DIRECTIONS ▸
Print exactly and only the lines that run from the one containing "Militärens ledare Ahmed" through the end of the material, please, omitting pictures.

COLLECTED MATERIAL ▸
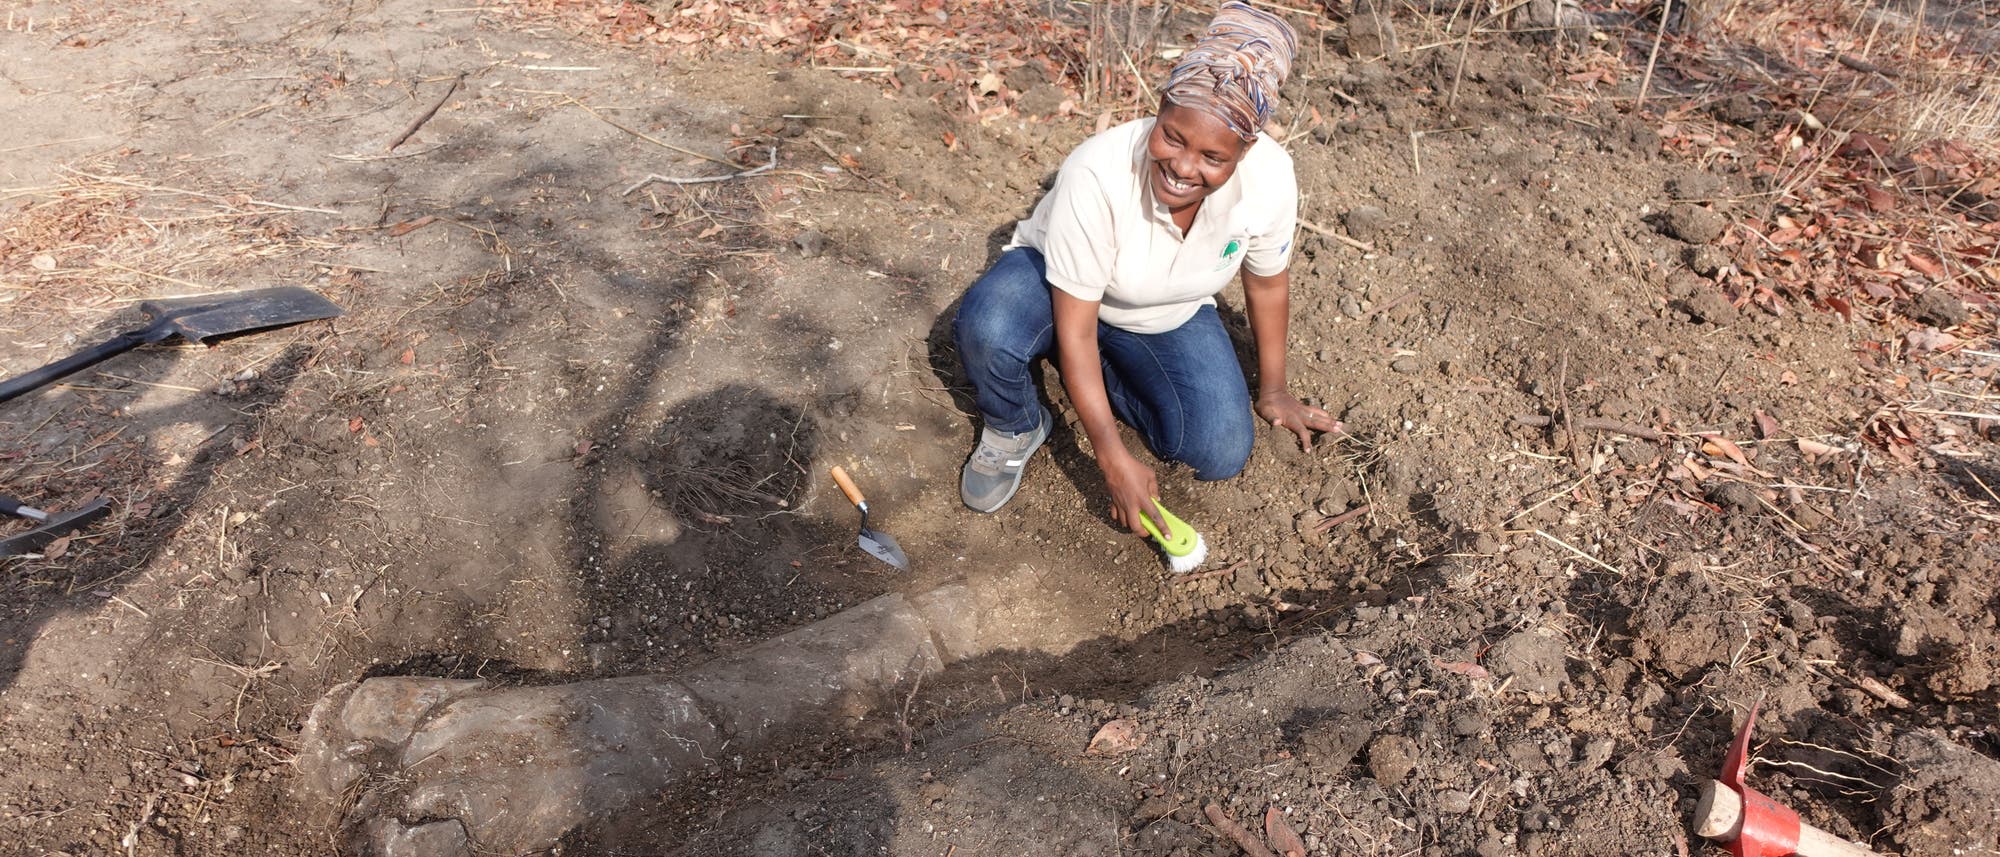 Ein Teammitglied aus Tansania bei der Freilegung eines Sauropodenknochens
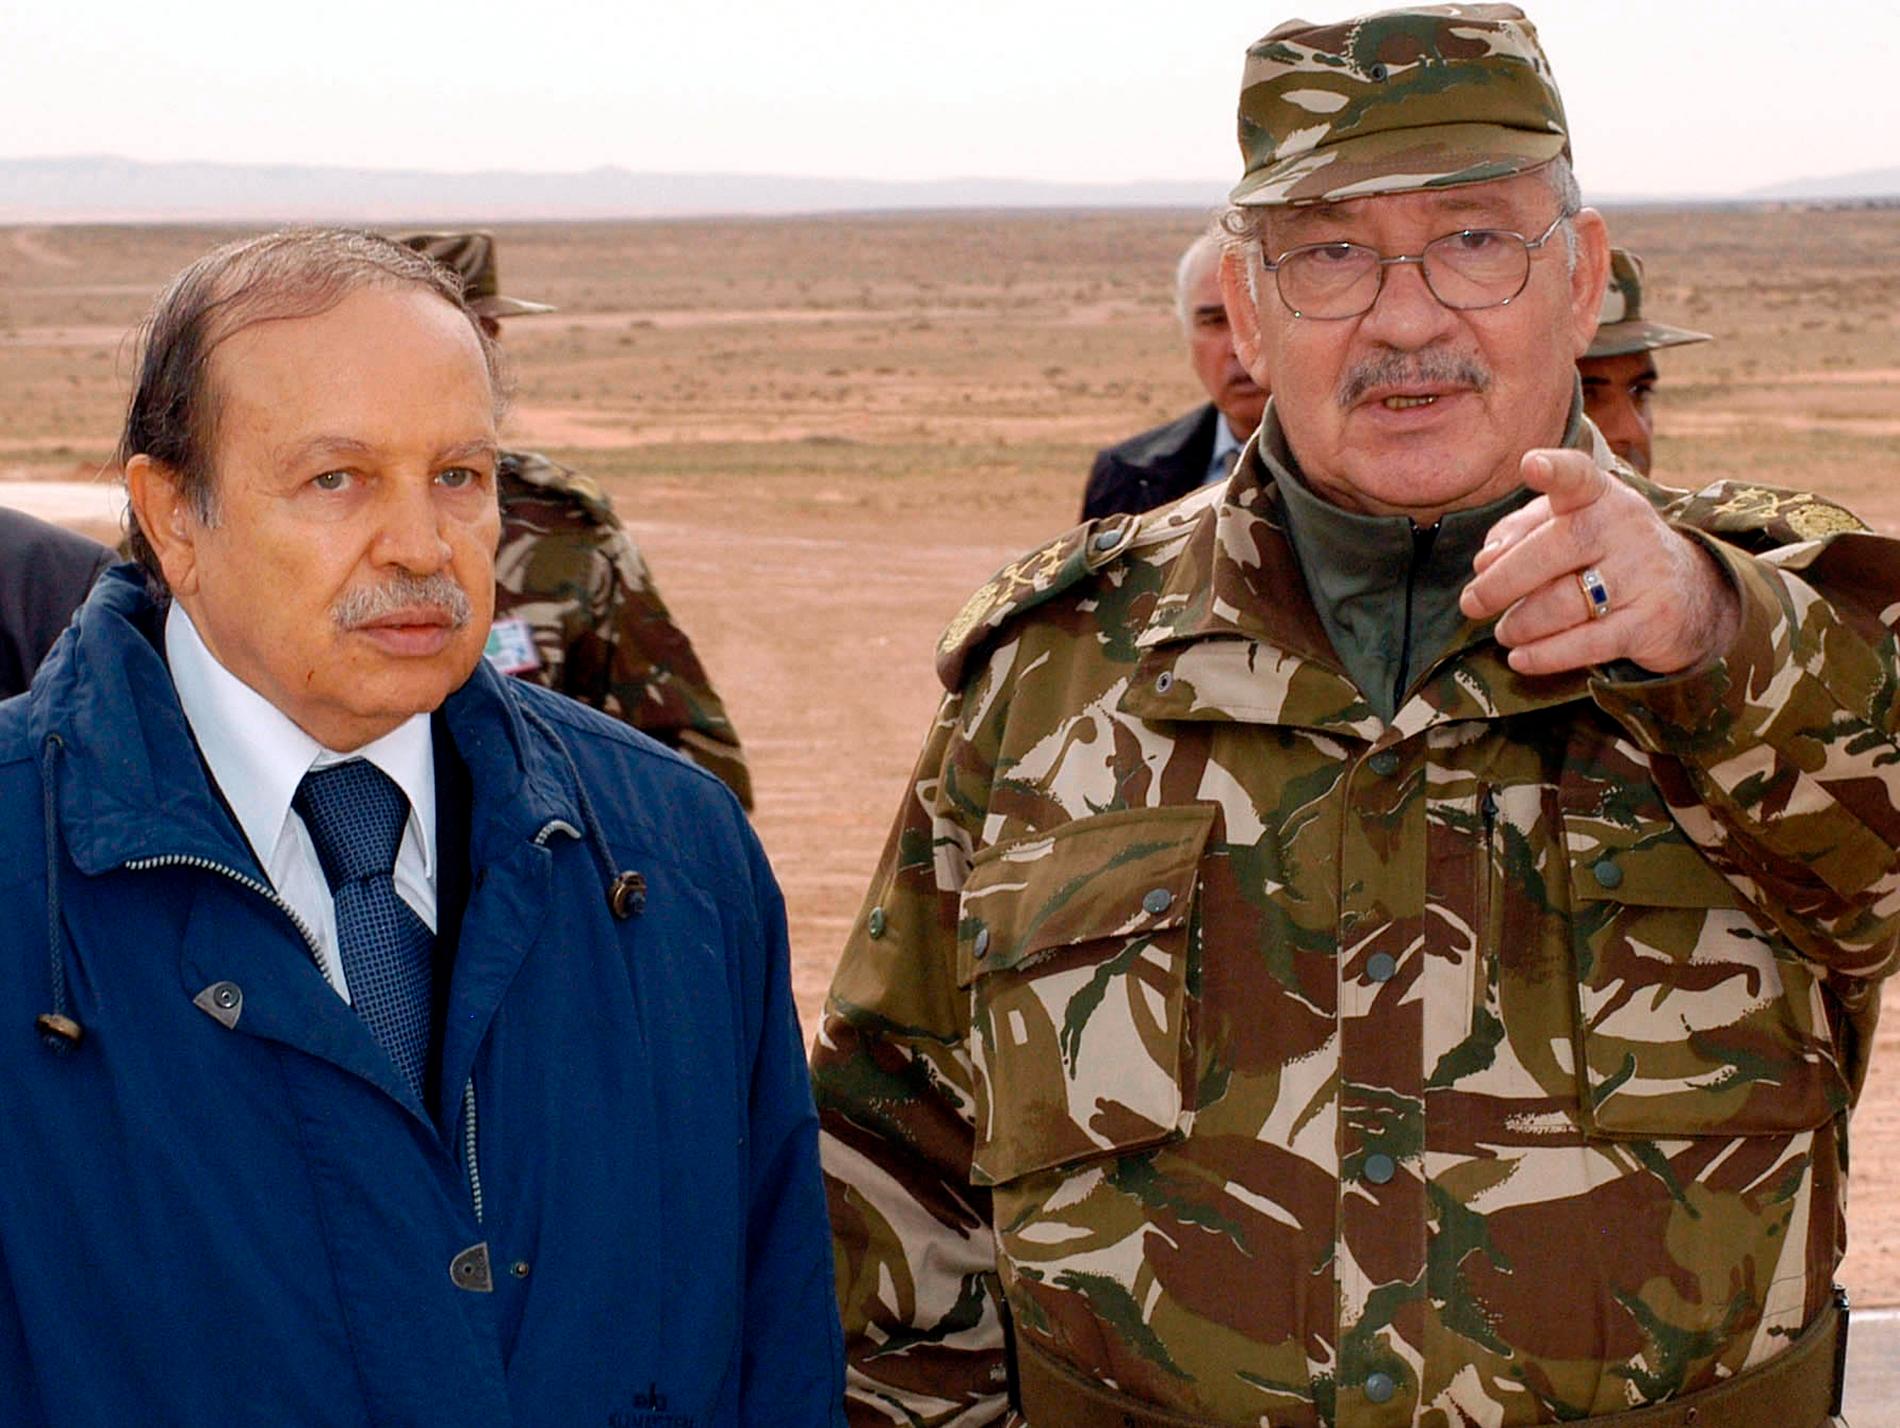 Militärens ledare Ahmed Gaed Salah (höger) vill att president Abdelaziz Bouteflika (vänster) avsätts. Arkivbild från 2005.
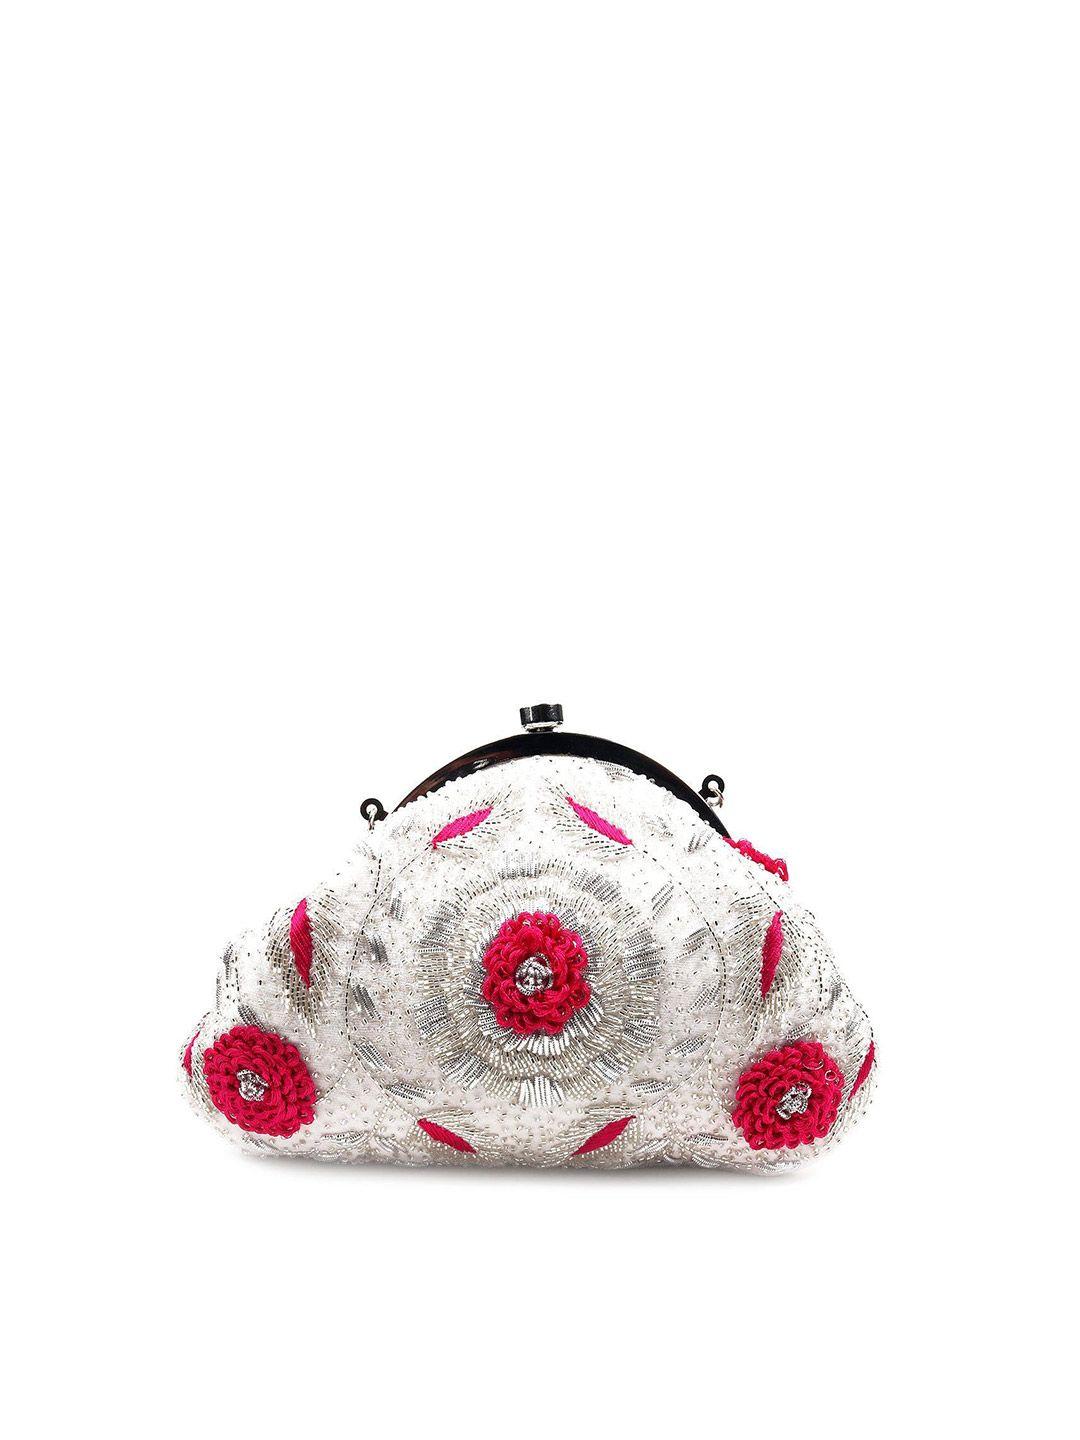 odette floral embellished purse clutch
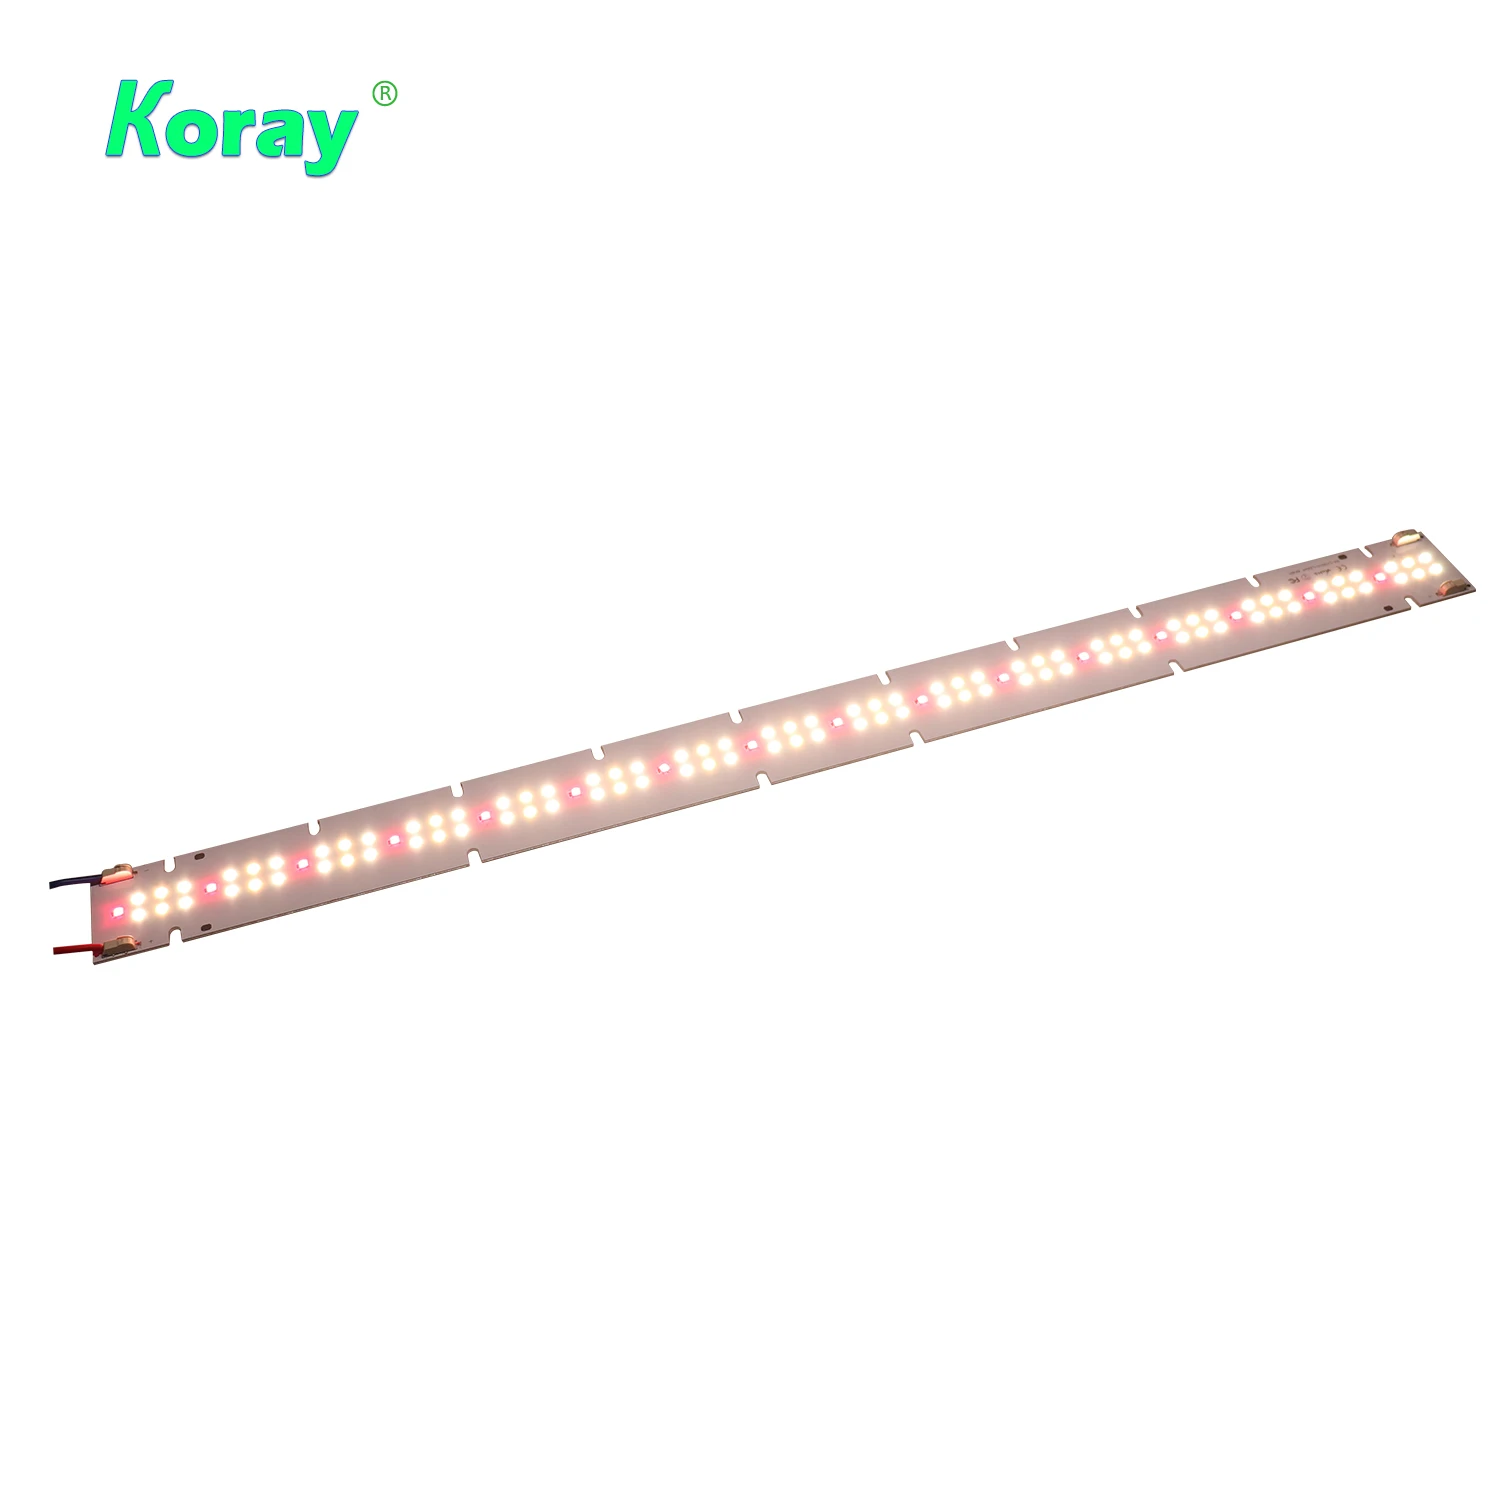 Koray qb288 v2 QB 65w wholesale led uvb grow light 48v lm301b/lm301h red 660nm for plants

OUTPUT BELOW ▸
 Militärens ledare Ahmed Gaed Salah (höger) vill att president Abdelaziz Bouteflika (vänster) avsätts. Arkivbild från 2005.
 odette floral embellished purse clutch
 Koray qb288 v2 QB 65w wholesale led uvb grow light 48v lm301b/lm301h red 660nm for plants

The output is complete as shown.